I thought of Kindle. He would come for me, I was sure, but it would be too late. I didn’t think I could face him after. Death would be preferable to seeing the disgust on his face or, even worse, pity.
The idea grew and a plan formed. It would be a simple task—kick my nag into a run and throw myself to the side. I would likely be unconscious within seconds, dead within minutes. The Indians would cut me from the horse, scalp me, and leave my body for the vultures and animals. There would be no Christian burial, no mourning friends.
My death would matter only to Kindle, Ezra, and James. The others—Alice, Ruth and Mary, the Carters, Harriet, and Foster—would move on until I was a footnote in the history of the plains. Over time, my footnote would become smaller and smaller until finally eradicated from the written word, replaced by more important people, more important events.
Was God so cruel to let me taste happiness, to love for the first time only to take it away? Were my sins so great I deserved this punishment?
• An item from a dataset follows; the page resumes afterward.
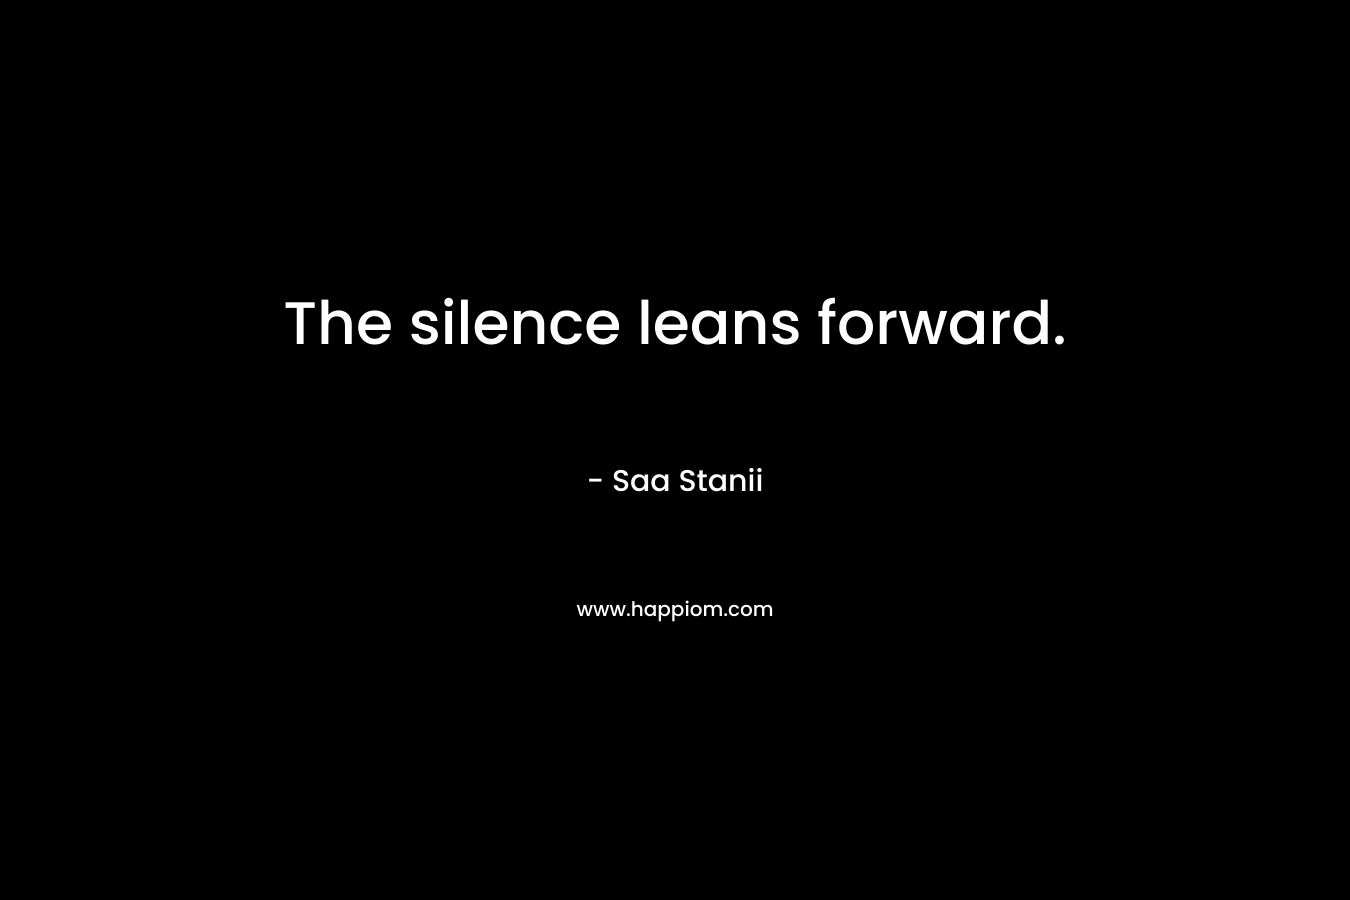 The silence leans forward.

The Indians never said a word, nor did they pay attention to me. We rode at a consistent trot through darkness so complete I couldn’t see my horse’s ears. I became accustomed to my mount’s gait and closed my eyes. I imagined the darkness surrounding me into ever smaller cocoons until I dissolved into nothingness, my being snuffed from existence, releasing the burden of life with a contented sigh.
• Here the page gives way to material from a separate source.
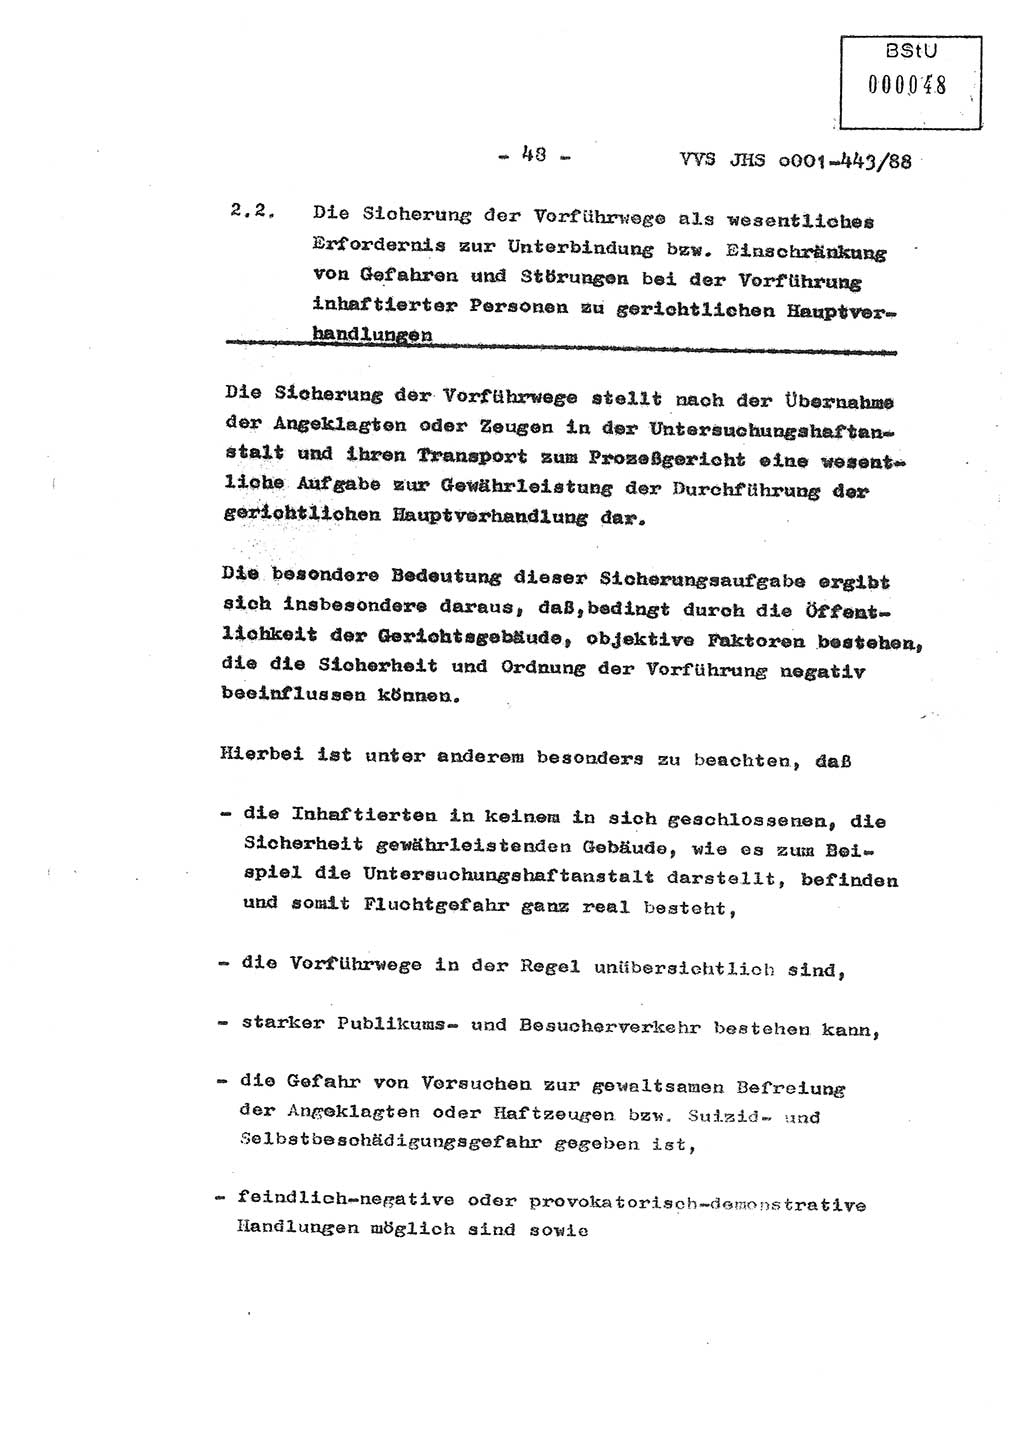 Diplomarbeit Hauptmann Michael Rast (Abt. ⅩⅣ), Major Bernd Rahaus (Abt. ⅩⅣ), Ministerium für Staatssicherheit (MfS) [Deutsche Demokratische Republik (DDR)], Juristische Hochschule (JHS), Vertrauliche Verschlußsache (VVS) o001-443/88, Potsdam 1988, Seite 48 (Dipl.-Arb. MfS DDR JHS VVS o001-443/88 1988, S. 48)

I woke up when I hit the ground. I rolled over onto my back, choking on mud, unaware of where I was or what was going on. Men were laughing and whooping in the distance. I lay on the muddy bank of a rushing river. Everything on my body ached. My injured shoulder screamed in pain matched by the pain between my legs. The right side of my head was warm and tight. I touched dried blood on my temple. Too late I realized I was untied, free. I never saw the hand that grabbed my hair and dragged me away from the river, nor did I hear the scream that tore from my mouth.
* * *
I dipped my shaking hands into the cool water and lifted them to drink. Water splashed out, ran between my fingers. When I looked into them, all that was left was dirt and blood. I tried again with the same result. And again. Anything to block out the heat, the mud, the sun, and the blood.
The pain.
The memory.
They beat me while the Indian whose leg I shattered sat on the creek bank and watched. Blows came from all around me, legs kicking me, fists pounding me. When I tried to curl into a ball, I was kicked in the face. Blood filled my mouth. I coughed and sprayed blood over the legs of the largest Indian. He yelled and the other two stopped. They panted from the exertion of the beating; their eyes gleamed with excitement. I turned my head away when one fumbled with his loincloth.
I knew what was coming. There was no escape. No way to save myself. Even if I had the strength to provoke them into killing me, I knew they would wait until they had sated themselves. I represented every man, woman, and child who had ever crossed their land, every broken treaty, every dead buffalo left on the plains to rot while its skin traveled east to lay on the floor of a Manhattan mansion. They could not make everyone pay for the wrongs done to them, but they could make me suffer.
I wish I could say I met it with pride, that I was able to master my emotions and deny them the satisfaction of my misery. I couldn’t. I could hardly move, though I tried. My punches were ineffectual, a nuisance instead of a deterrent. They held my arms and feet down until I stopped fighting. I sobbed and screamed because I could not fight. After the third Indian mounted me I lost the energy to resist, or cry. I stared at the river and listened to the sound of rushing water. The blanket of darkness from the night before returned. I pulled it around me, and I remembered no more.